I know that all too well. I'm not dealing with managers who are as outwardly
assholish as you are but there's more problems than solutions where I work. My
current flavor of employment handcuffs are a full-time remote position. The
job itself isn't that bad, but I'm underpaid and overworked. The full-time
remote plus the little bit of autonomy that I have in my work keeps me from
looking too hard. Complacency, by any other name.

------
ACow_Adonis
As an economist, you'd expect them to have trouble attracting highly skilled
people seeking only wages.

On the other hand, also as an economist and from my own personal experience,
there's a whole host of non-monetary benefits a flexible business can provide
(which other businesses and corporates seem to balk at), and there's also the
little talked about preference of some people wanting a negative correlation
between pay and hours the job at the margin.

I've got my own stories.

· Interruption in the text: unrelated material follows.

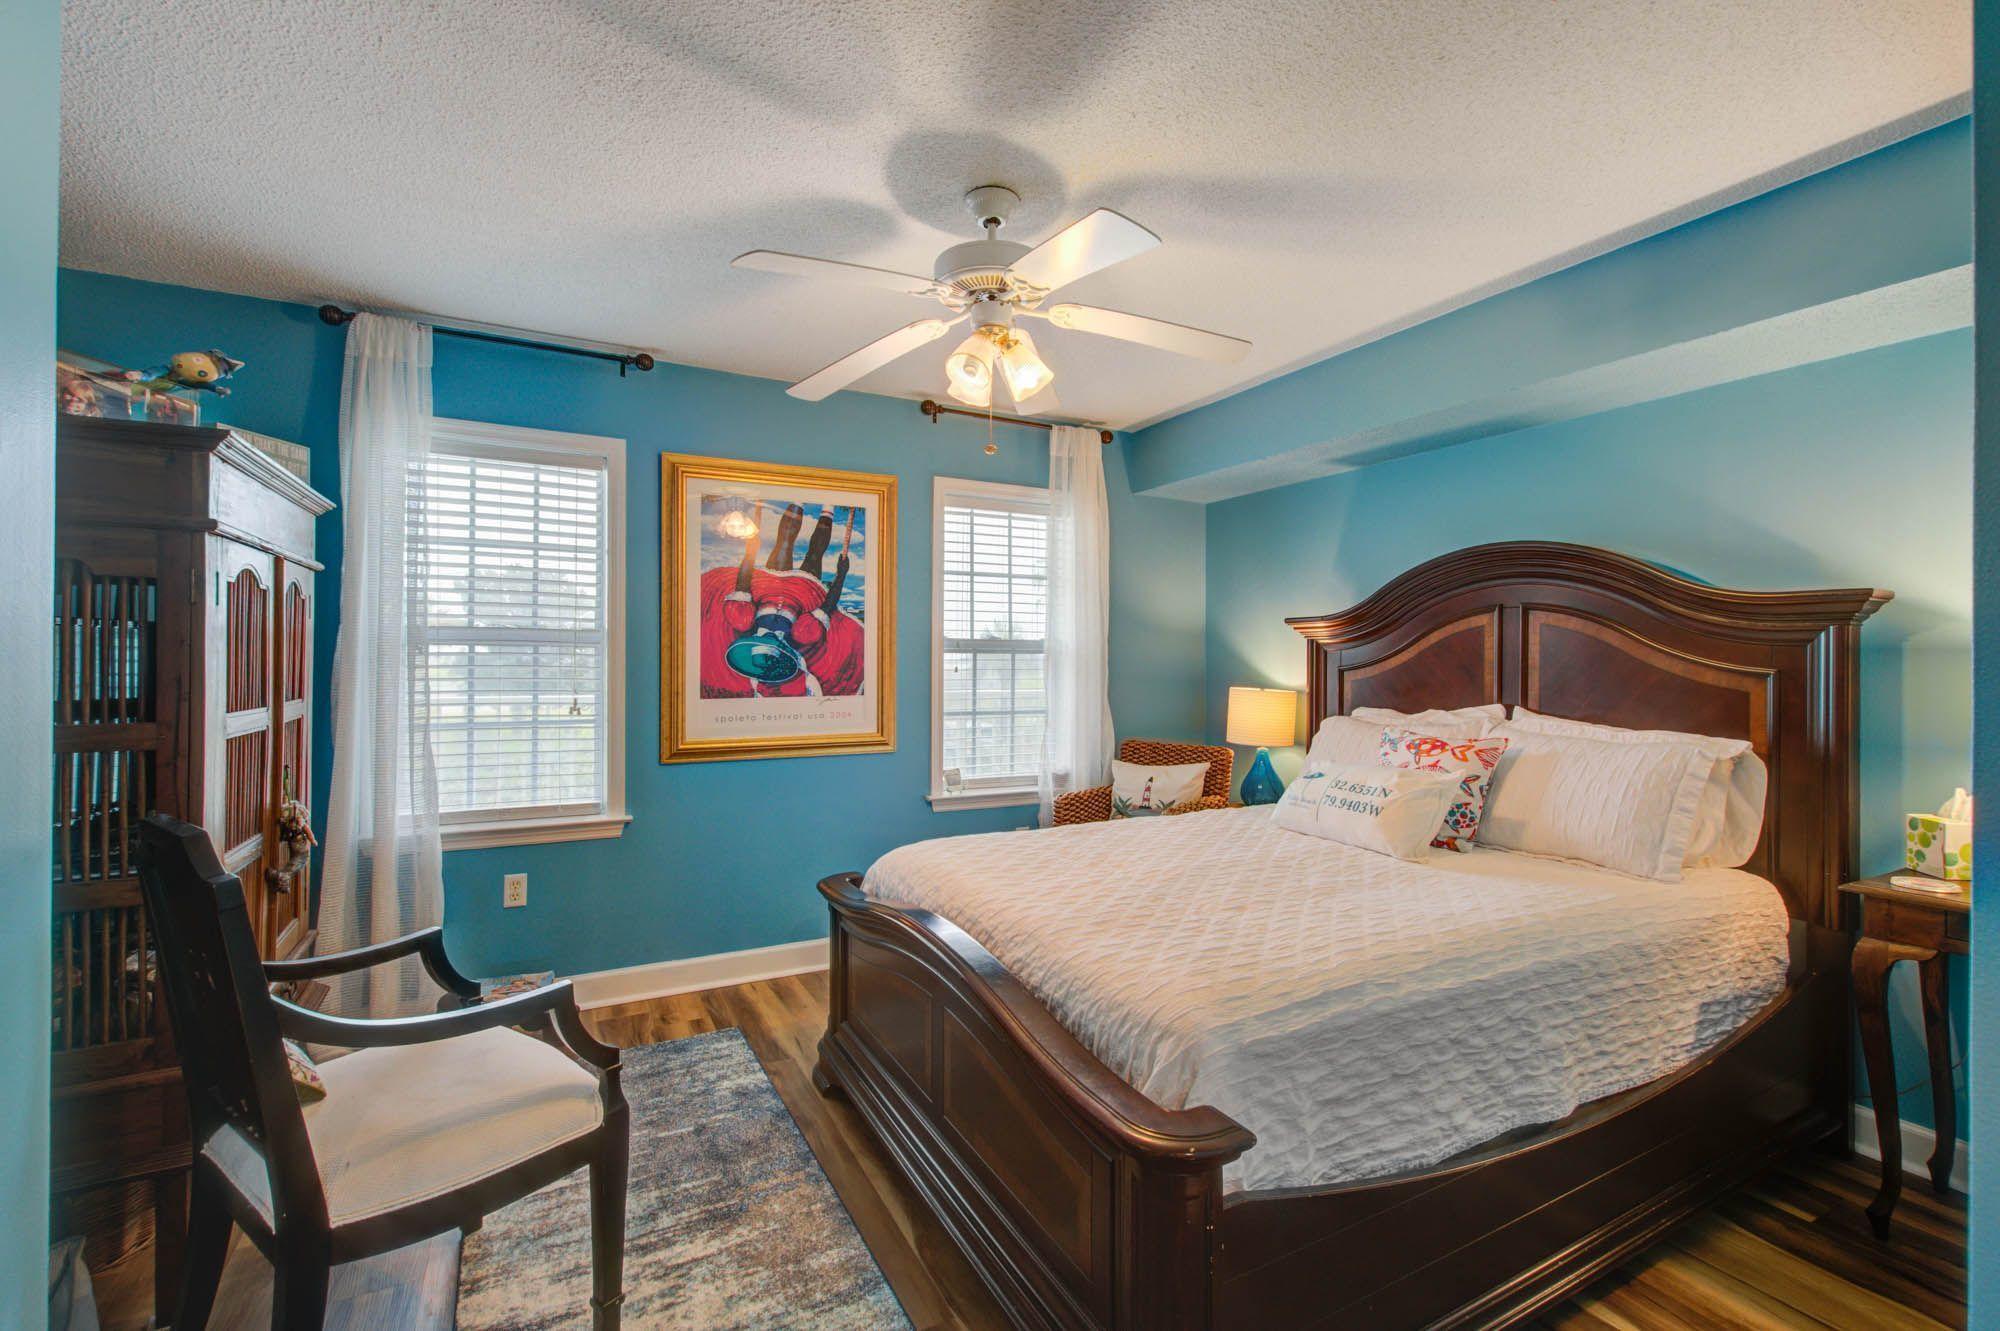 Turn of River Homes For Sale - 2395 Folly, Folly Beach, SC - 14

Issues I've had at previous employers include remote
working, flexible hours, leave, intellectual property disputes over my own
work, or non compete/ non publication issues.

When I left my previous job at banking, I actually interviewed for a lower
paid position at uni of Melb. We got to the stage where we were all happy,
only I said "I'll work for you if I can do 4 days a week, because I want to
send time with my family and working on my own projects".

The bureaucracy said no.

I walked away and I'm back in a higher paying job again...(but with better
hours and conditions than my previous ones).

Its always amazing to me the lengths businesses will go to in order to not
hire the right staff...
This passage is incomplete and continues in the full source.